Launch directory: D:\_SMP2_FAH
Executable: D:\_SMP2_FAH\FAH6.34-win32-SMP.exe
Arguments: -smp -verbosity 9 -advmethods 

[19:48:53] - Ask before connecting: No
[19:48:53] - User name: artoar_home (Team 32435)
[19:48:53] - User ID: 714971F37559BC17
[19:48:53] - Machine ID: 1
[19:48:53] 
[19:48:53] Loaded queue successfully.
[19:48:53] 
[19:48:53] - Autosending finished units... [February 6 19:48:53 UTC]
[19:48:53] + Processing work unit
[19:48:53] Trying to send all finished work units
[19:48:53] Core required: FahCore_a3.exe
[19:48:53] Project: 11061 (Run 0, Clone 2105, Gen 14)
[19:48:53] Core found.


[19:48:53] + Attempting to send results [February 6 19:48:53 UTC]
[19:48:53] - Reading file work/wuresults_01.dat from core
[19:48:53]   (Read 783007 bytes from disk)
[19:48:53] Connecting to http://171.64.65.55:8080/
[19:48:53] Working on queue slot 02 [February 6 19:48:53 UTC]
[19:48:53] + Working ...
[19:48:53] - Calling '.\FahCore_a3.exe -dir work/ -nice 19 -suffix 02 -np 4 -checkpoint 9 -verbose -lifeline 3424 -version 634'

[19:48:55] 
[19:48:55] *------------------------------*
[19:48:55] Folding@Home Gromacs SMP Core
[19:48:55] Version 2.27 (Dec. 15, 2010)
[19:48:55] 
[19:48:55] Preparing to commence simulation
[19:48:55] - Ensuring status.
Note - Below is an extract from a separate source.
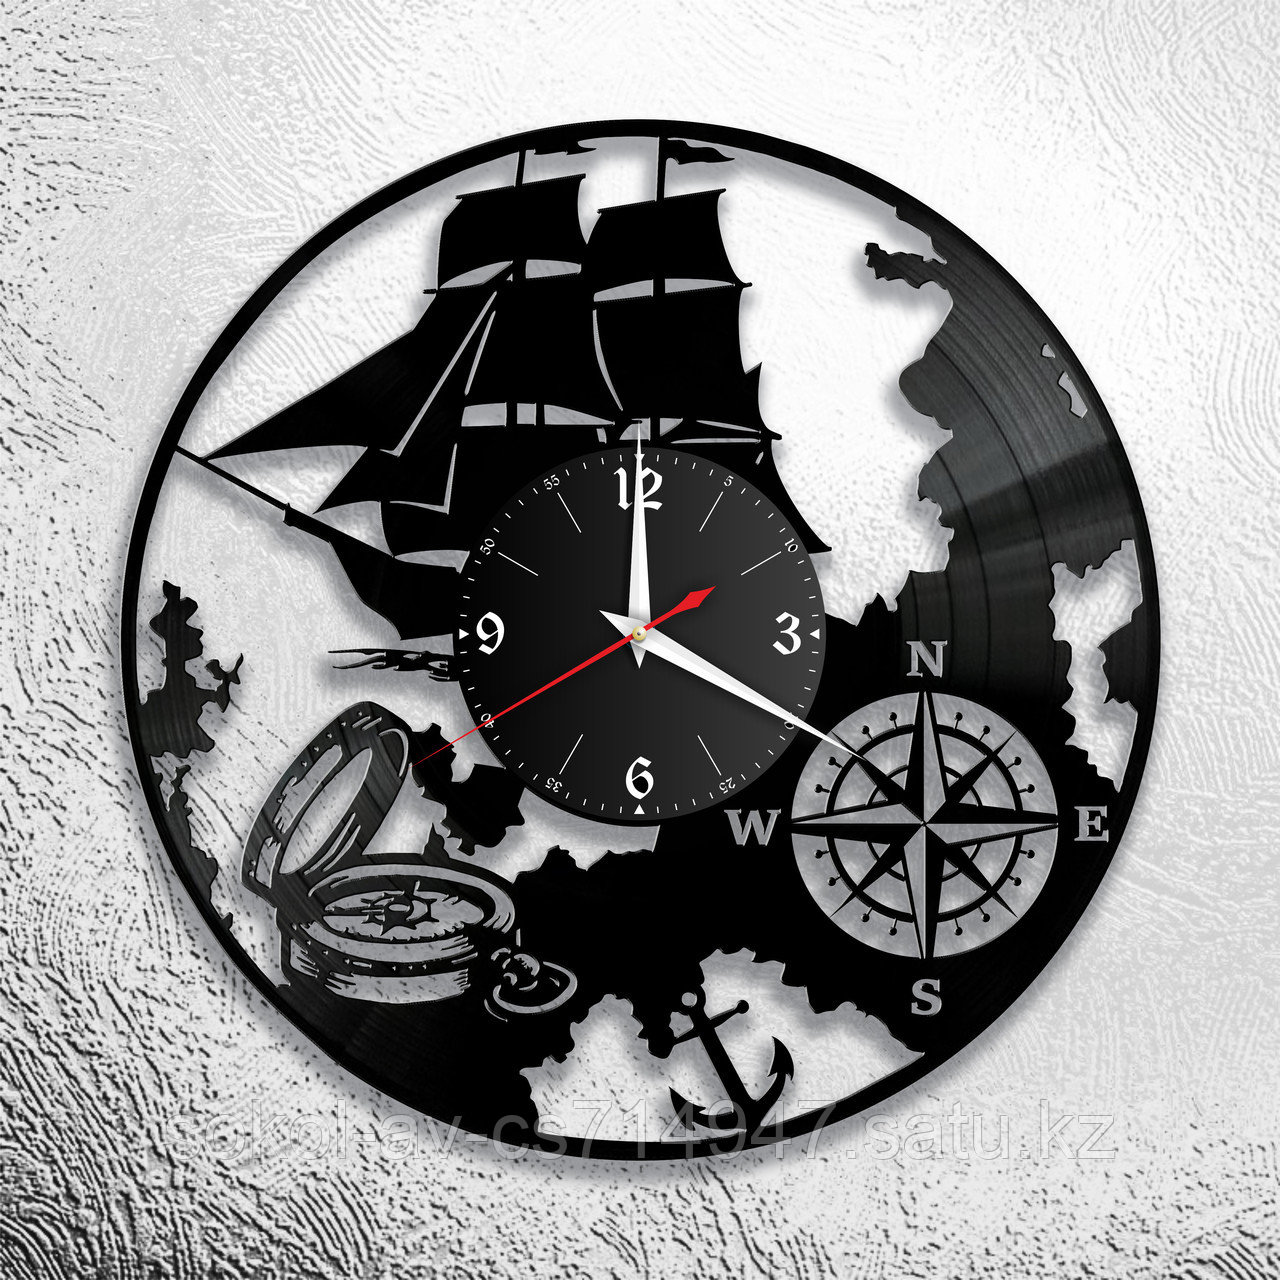 Настенные часы из пластинки в морском стиле (корабль, якорь) подарок моряку, матросу, капитану корабля, 1076
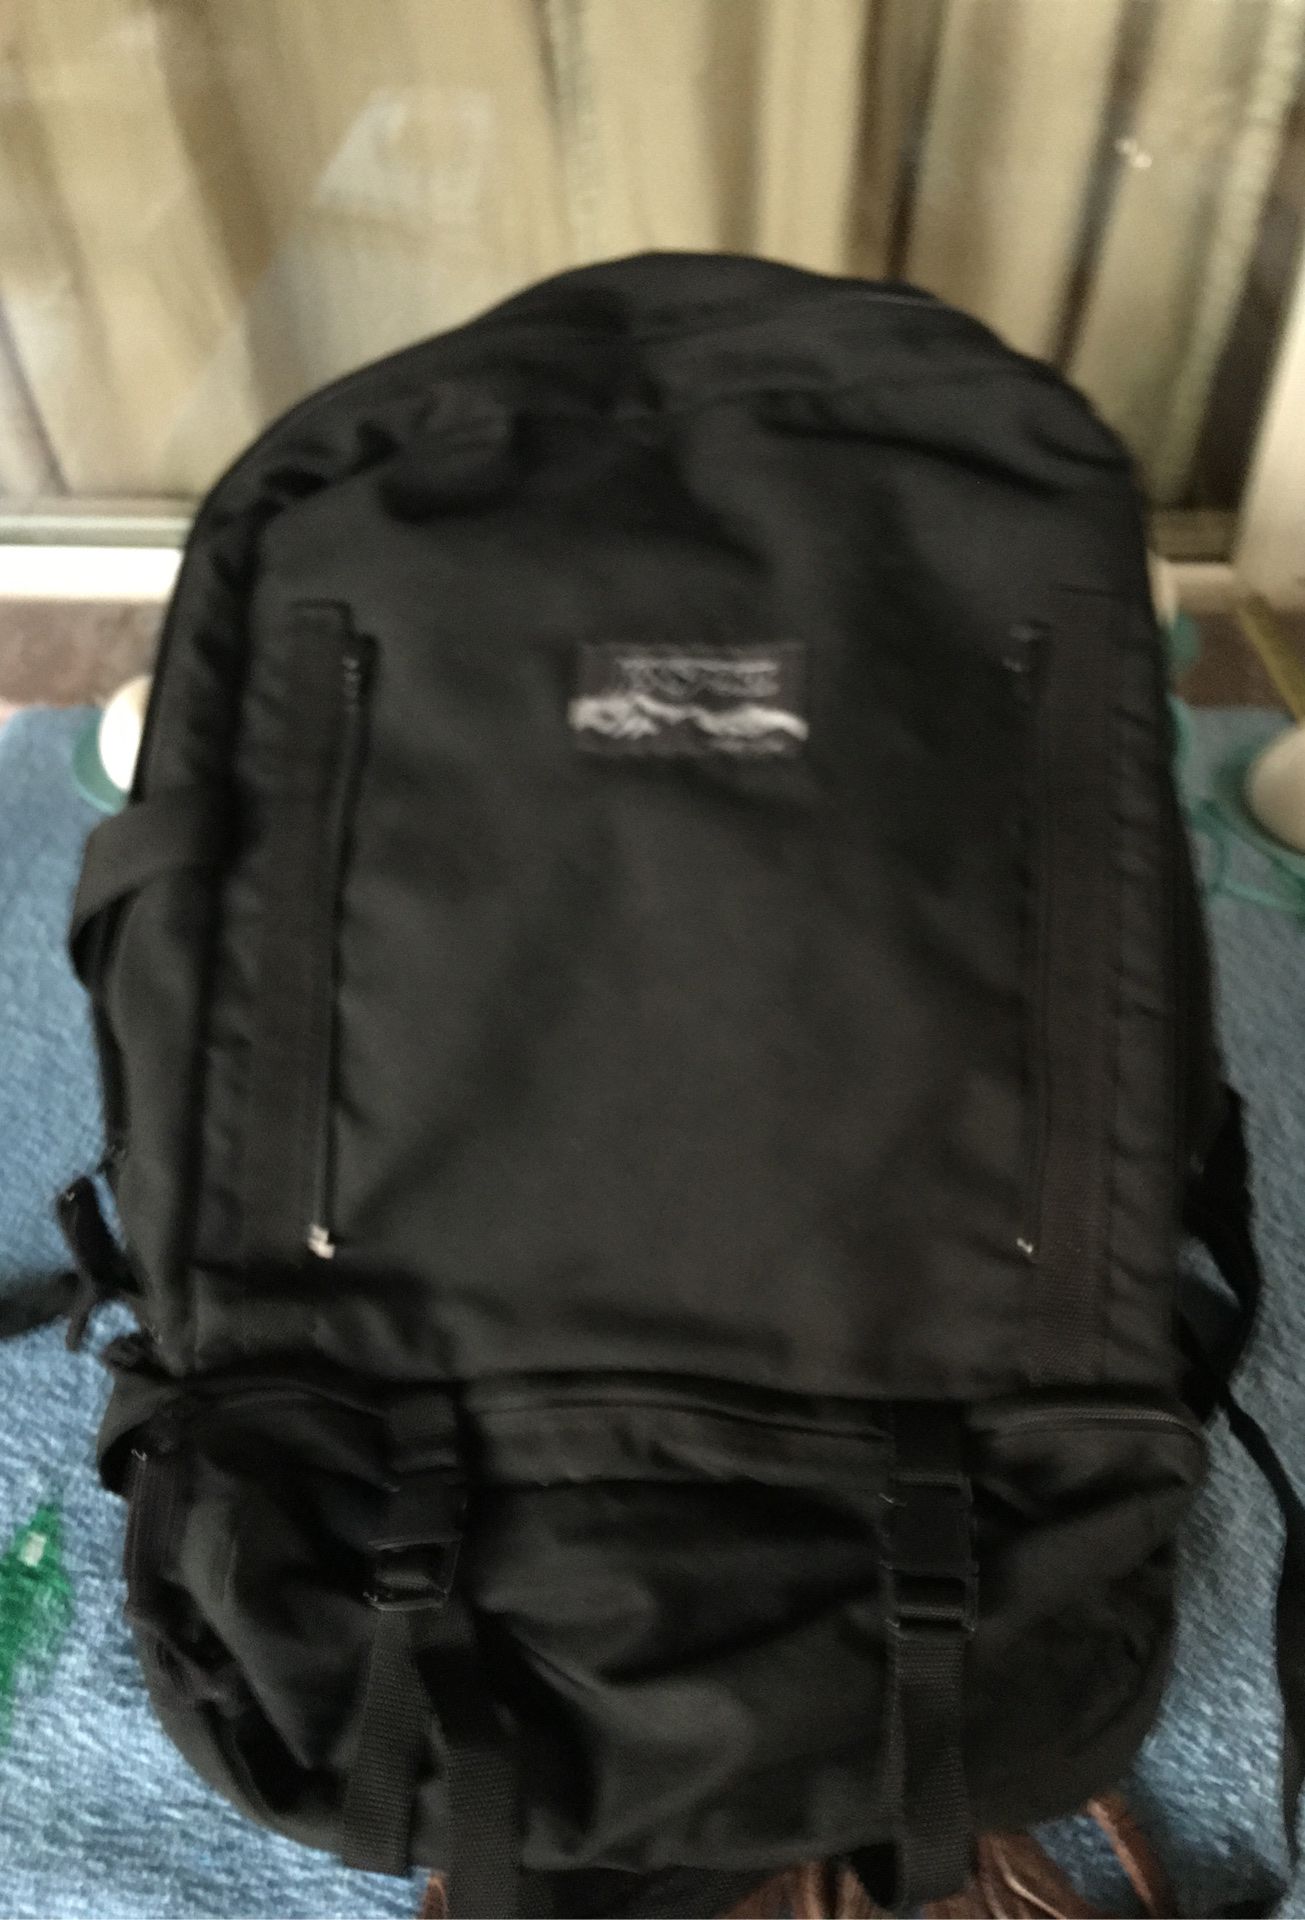 Jansport backpack 25”long(great travel bag)

Please wait.
[19:49:04] - Looking at optimizations...
[19:49:05] - Working with standard loops on this execution.
[19:49:05] - Previous termination of core was improper.
[19:49:05] - Going to use standard loops.
[19:49:05] - Files status OK
[19:49:12] - Expanded 3811182 -> 4169428 (decompressed 109.3 percent)
[19:49:13] Called DecompressByteArray: compressed_data_size=3811182 data_size=4169428, decompressed_data_size=4169428 diff=0
[19:49:14] - Digital signature verified
[19:49:14] 
[19:49:14] Project: 6097 (Run 0, Clone 82, Gen 88)
[19:49:14] 
[19:49:14] - Couldn't send HTTP request to server
[19:49:14] + Could not connect to Work Server (results)
[19:49:14]     (171.64.65.55:8080)
[19:49:14] + Retrying using alternative port
[19:49:14] Connecting to http://171.64.65.55:80/
[19:49:21] Entering M.D.
[19:49:27] Using Gromacs checkpoints
[19:49:31] Mapping NT from 4 to 4 
[19:49:35] - Couldn't send HTTP request to server
[19:49:35] + Could not connect to Work Server (results)
[19:49:35]     (171.64.65.55:80)
[19:49:35] - Error: Could not transmit unit 01 (completed February 6) to work server.
[19:49:35] - 6 failed uploads of this unit.


[19:49:35] + Attempting to send results [February 6 19:49:35 UTC]
[19:49:35] - Reading file work/wuresults_01.dat from core
[19:49:35]   (Read 783007 bytes from disk)
[19:49:35] Connecting to http://171.67.108.26:8080/
[19:49:39] - Couldn't send HTTP request to server
[19:49:39] + Could not connect to Work Server (results)
[19:49:39]     (171.67.108.26:8080)
[19:49:39] + Retrying using alternative port
[19:49:39] Connecting to http://171.67.108.26:80/
[19:49:40] - Couldn't send HTTP request to server
[19:49:40] + Could not connect to Work Server (results)
[19:49:40]     (171.67.108.26:80)
[19:49:40]   Could not transmit unit 01 to Collection server; keeping in queue.
[19:49:40] + Sent 0 of 1 completed units to the server
[19:49:40] - Autosend completed
[19:50:04] Resuming from checkpoint
[19:50:05] Verified work/wudata_02.log
[19:50:07] Verified work/wudata_02.trr
[19:50:08] Verified work/wudata_02.edr
[19:50:19] Killing all core threads
[19:50:19] Killing 3 cores
[19:50:19] Killing core 0
[19:50:19] Killing core 1
[19:50:19] Killing core 2

Folding@Home Client Shutdown at user request.
[19:50:19] ***** Got a SIGTERM signal (2)
[19:50:19] Killing all core threads
[19:50:19] Killing 3 cores
[19:50:19] Killing core 0
[19:50:19] Killing core 1
[19:50:19] Killing core 2

Folding@Home Client Shutdown.

Re: 171.64.65.55

Posted: Mon Feb 06, 2012 7:59 pm
by dvanatta
OK sorry, i posted that before the server had finished restarting. Still problems?